17848679. SYSTEMS AND METHODS FOR DISTRIBUTING LAYERS OF SPECIAL MIXTURE-OF-EXPERTS MACHINE LEARNING MODELS simplified abstract (Microsoft Technology Licensing, LLC)

From WikiPatents
Jump to navigation Jump to search

SYSTEMS AND METHODS FOR DISTRIBUTING LAYERS OF SPECIAL MIXTURE-OF-EXPERTS MACHINE LEARNING MODELS

Organization Name

Microsoft Technology Licensing, LLC

Inventor(s)

Devangkumar Rameshbhai Patel of Fremont CA (US)

Wei Zuo of Campbell CA (US)

Yuan Yu of Cupertino CA (US)

SYSTEMS AND METHODS FOR DISTRIBUTING LAYERS OF SPECIAL MIXTURE-OF-EXPERTS MACHINE LEARNING MODELS - A simplified explanation of the abstract

This abstract first appeared for US patent application 17848679 titled 'SYSTEMS AND METHODS FOR DISTRIBUTING LAYERS OF SPECIAL MIXTURE-OF-EXPERTS MACHINE LEARNING MODELS

Simplified Explanation

The patent application describes a computing system with different types of accelerators, each with different memory and processing capabilities. The system uses these accelerators to distribute a machine learning model that consists of dense and sparse layers.
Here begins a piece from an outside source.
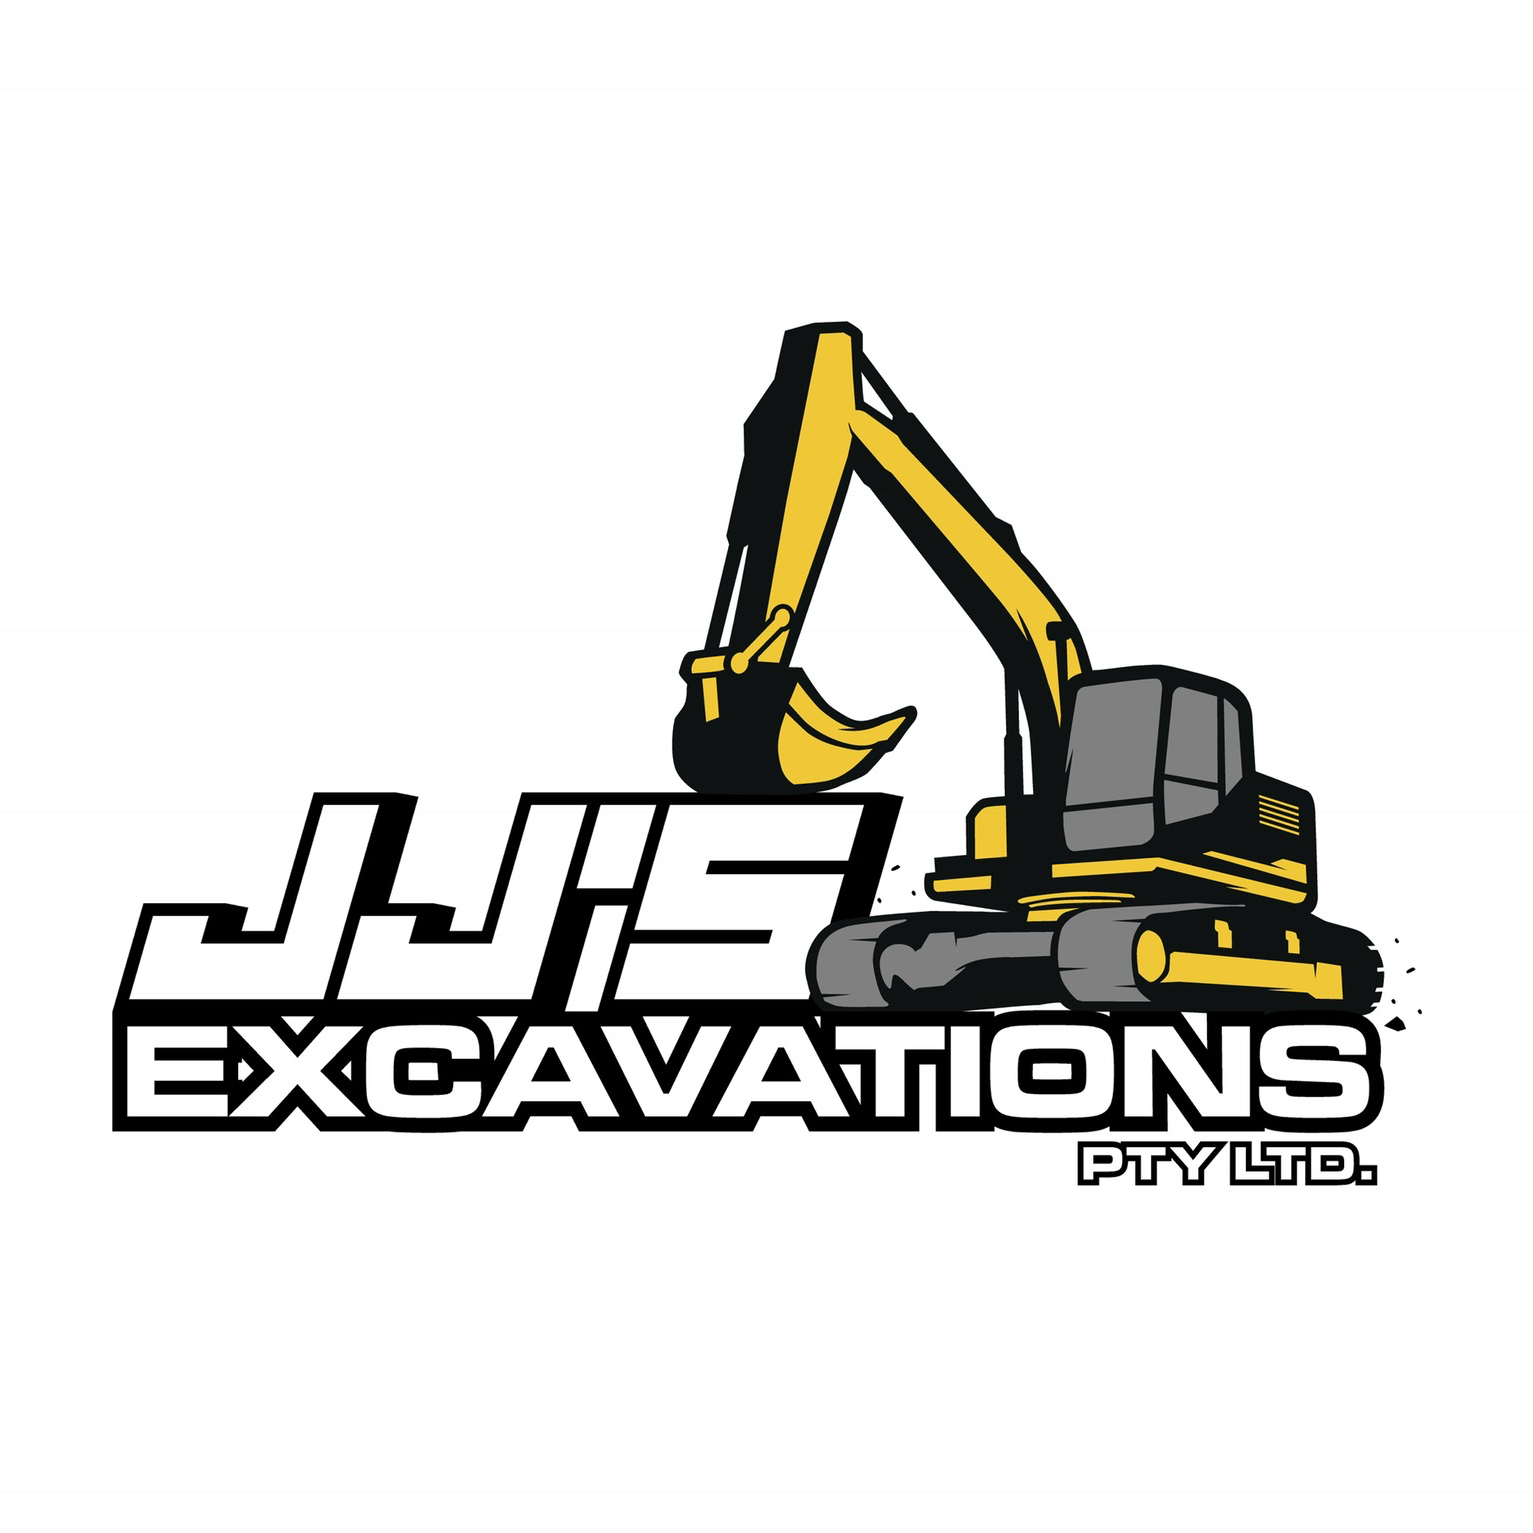 jj's excavations pty ltd

The dense layers are distributed on accelerators with greater memory capability, while the sparse layers are distributed on accelerators with greater processing capability.

  • The computing system has different accelerators with varying memory and processing capabilities.
  • The machine learning model is divided into dense and sparse layers.
  • Dense layers are distributed on accelerators with greater memory capability.
  • Sparse layers are distributed on accelerators with greater processing capability.

Potential Applications

This technology can be applied in various fields where machine learning models are used, such as:

  • Natural language processing
  • Computer vision
  • Speech recognition
  • Recommendation systems

Problems Solved

This technology addresses the following problems:

  • Imbalance between memory and processing capabilities in accelerators.
  • Efficient distribution of machine learning models across different accelerators.
  • Optimizing performance and resource utilization in computing systems.

Benefits

The benefits of this technology include:

  • Improved performance by utilizing accelerators with different capabilities effectively.
  • Enhanced memory capacity for processing dense layers.
  • Increased processing power for handling sparse layers.
  • Efficient utilization of computing resources.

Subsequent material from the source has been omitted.